■ DATA BELOW ■
==============================

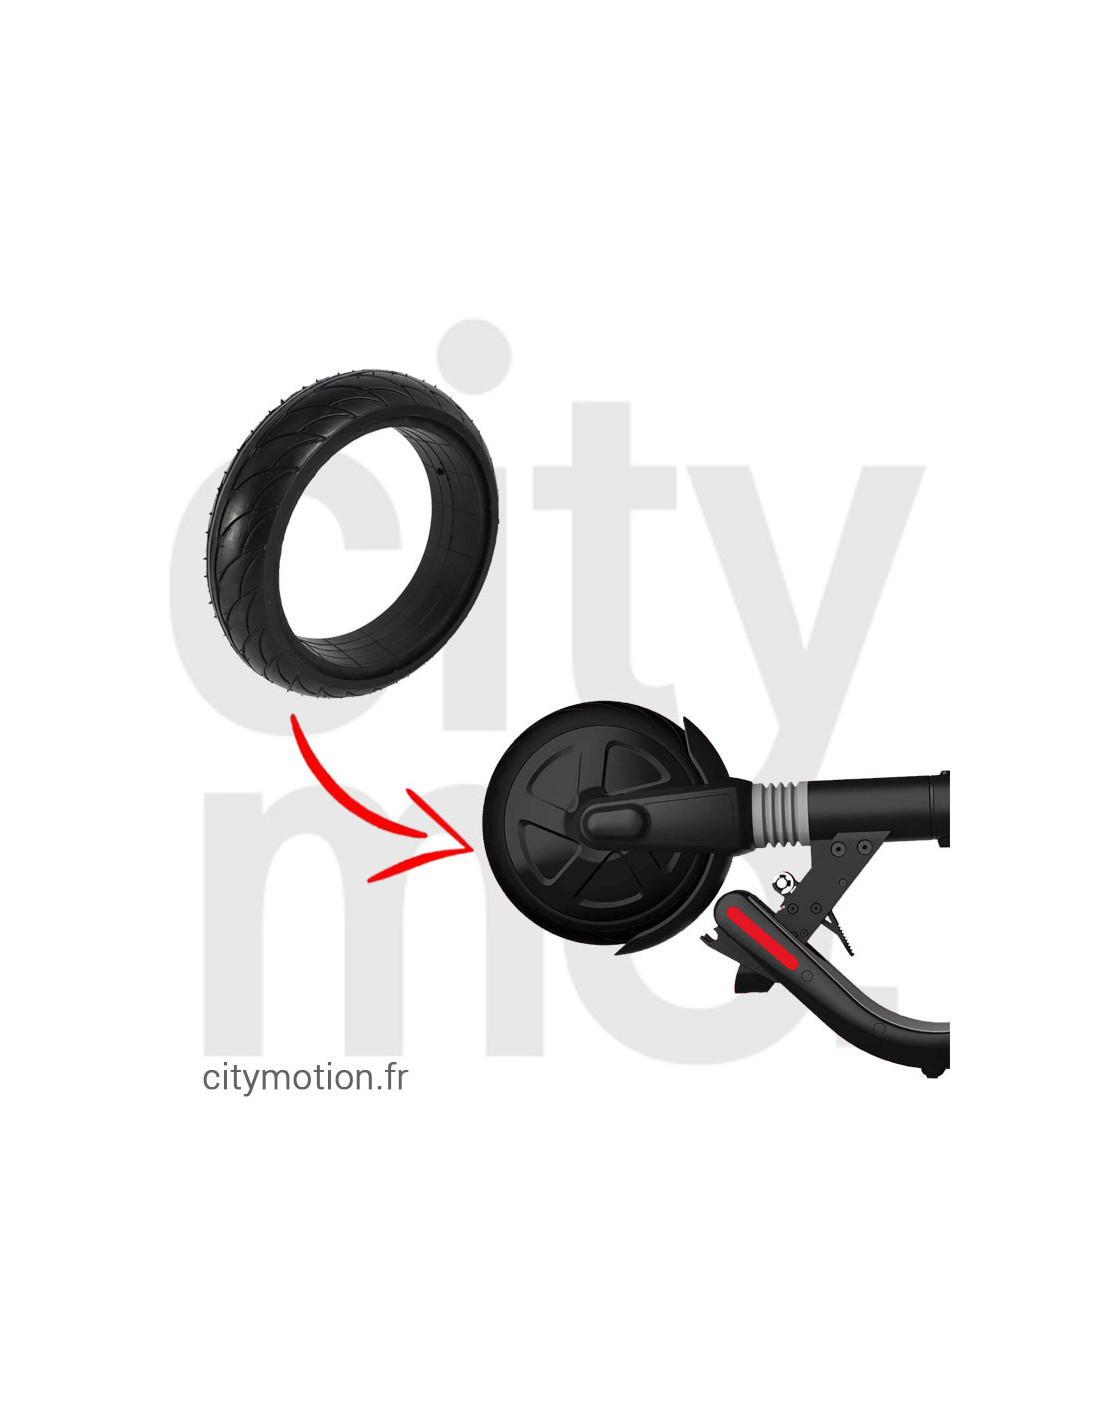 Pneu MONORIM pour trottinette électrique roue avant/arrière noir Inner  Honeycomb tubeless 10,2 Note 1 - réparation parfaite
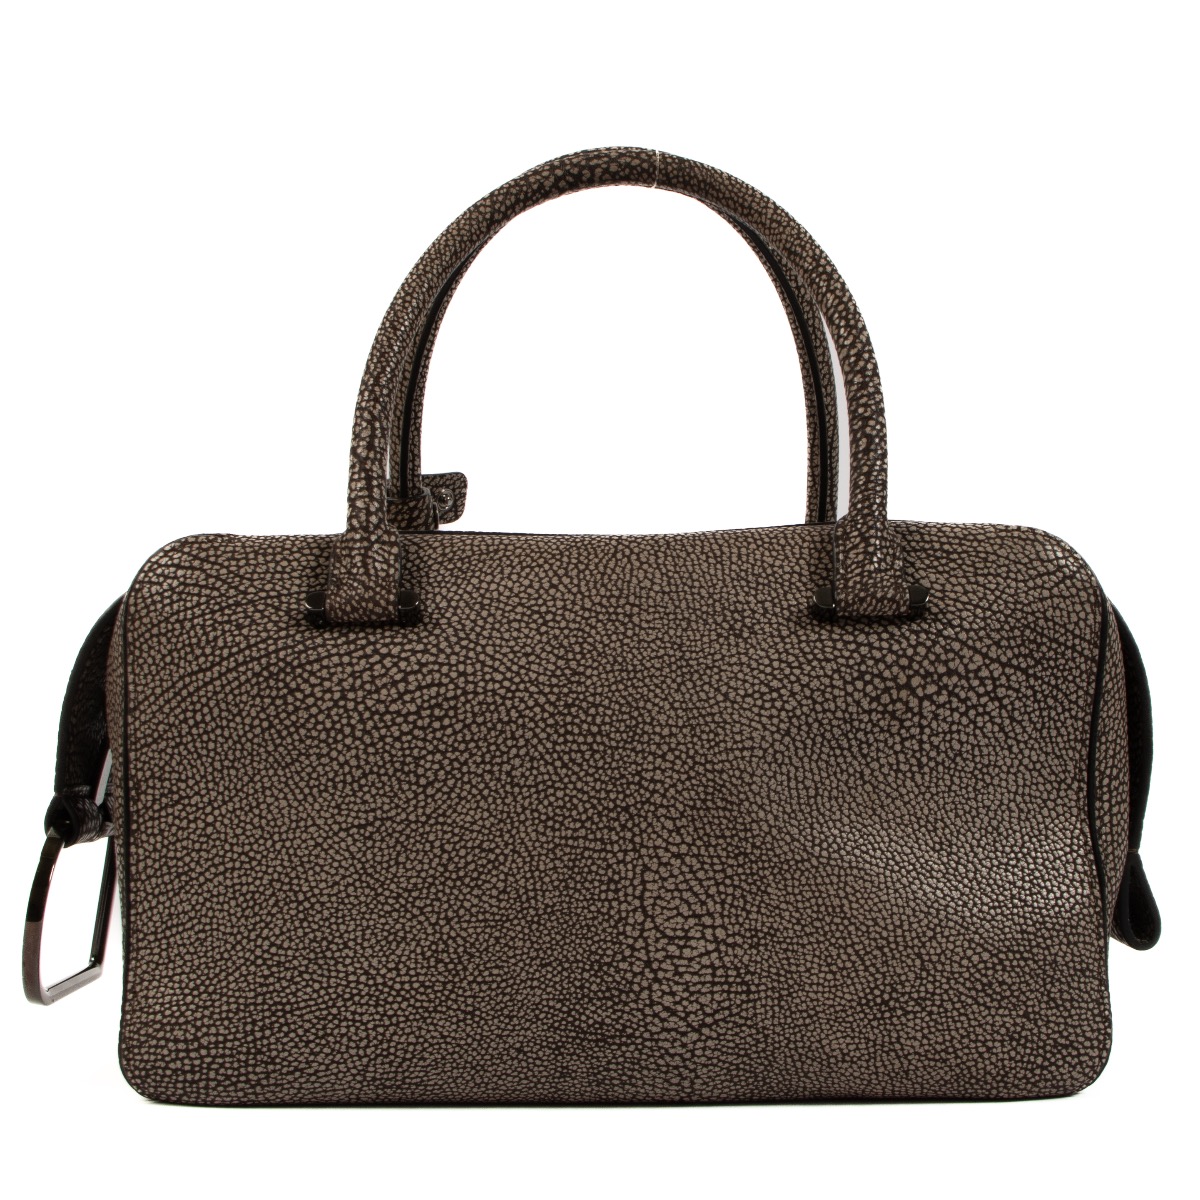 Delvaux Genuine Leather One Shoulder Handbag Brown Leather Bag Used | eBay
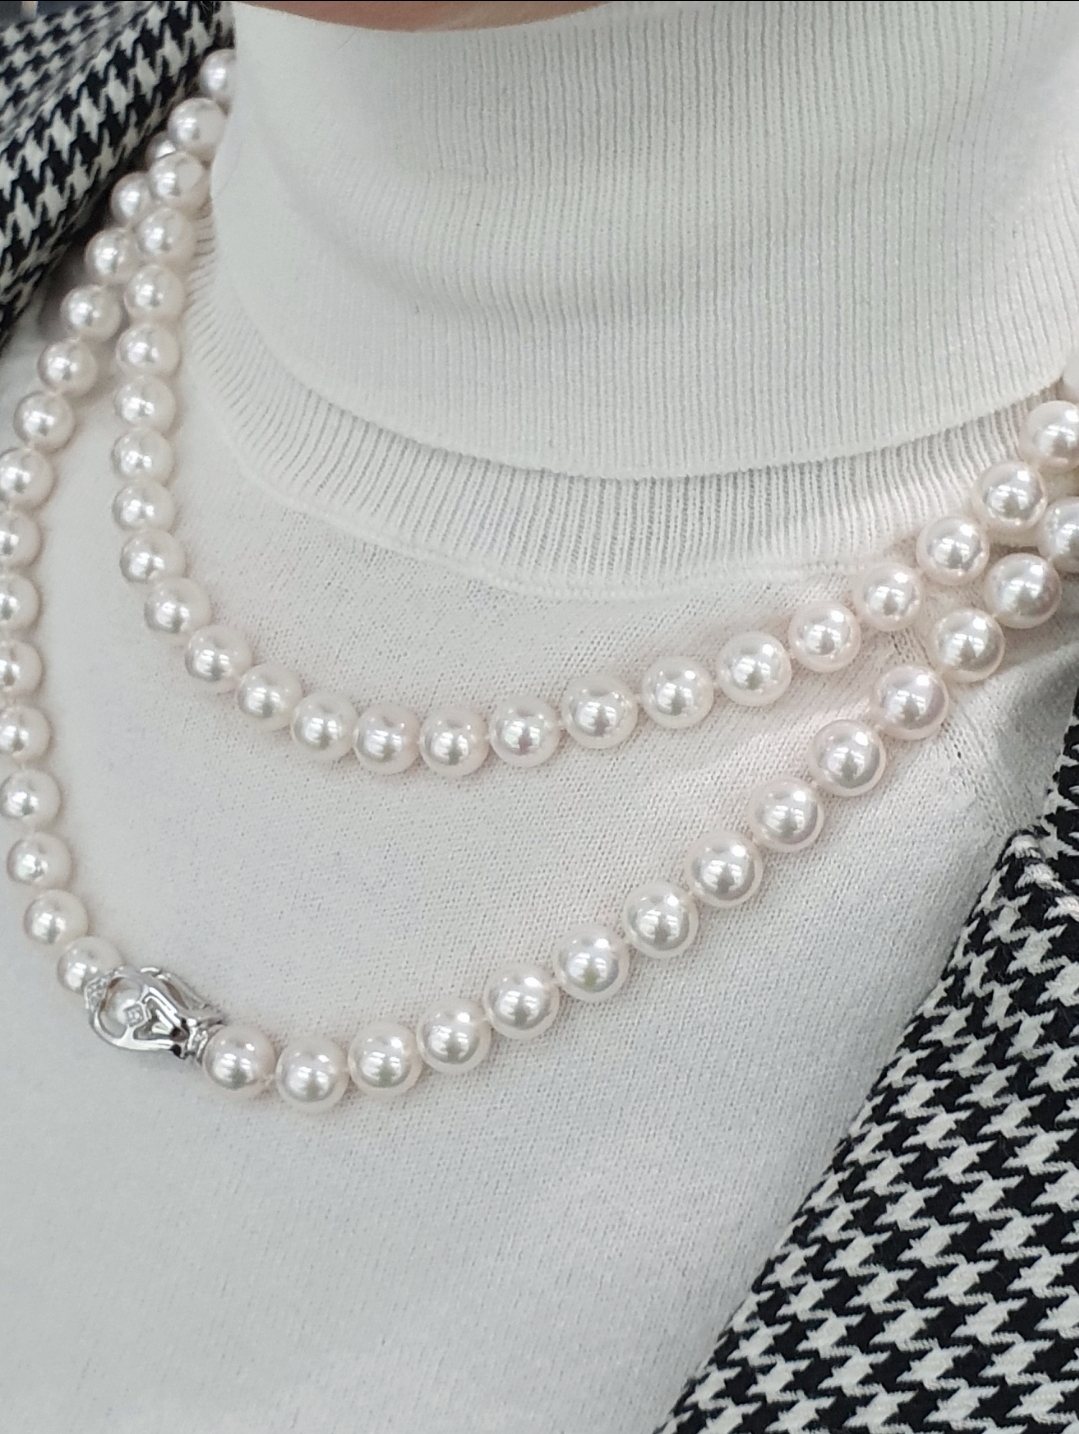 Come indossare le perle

==============================

■ EXERCISE GOAL ■
I would like the data above transcribed exactly, with its pictures left out.

■ ANSWER ■
 Pneu MONORIM pour trottinette électrique roue avant/arrière noir Inner  Honeycomb tubeless 10,2 Note 1 - réparation parfaite
 Delvaux Genuine Leather One Shoulder Handbag Brown Leather Bag Used | eBay
 Come indossare le perle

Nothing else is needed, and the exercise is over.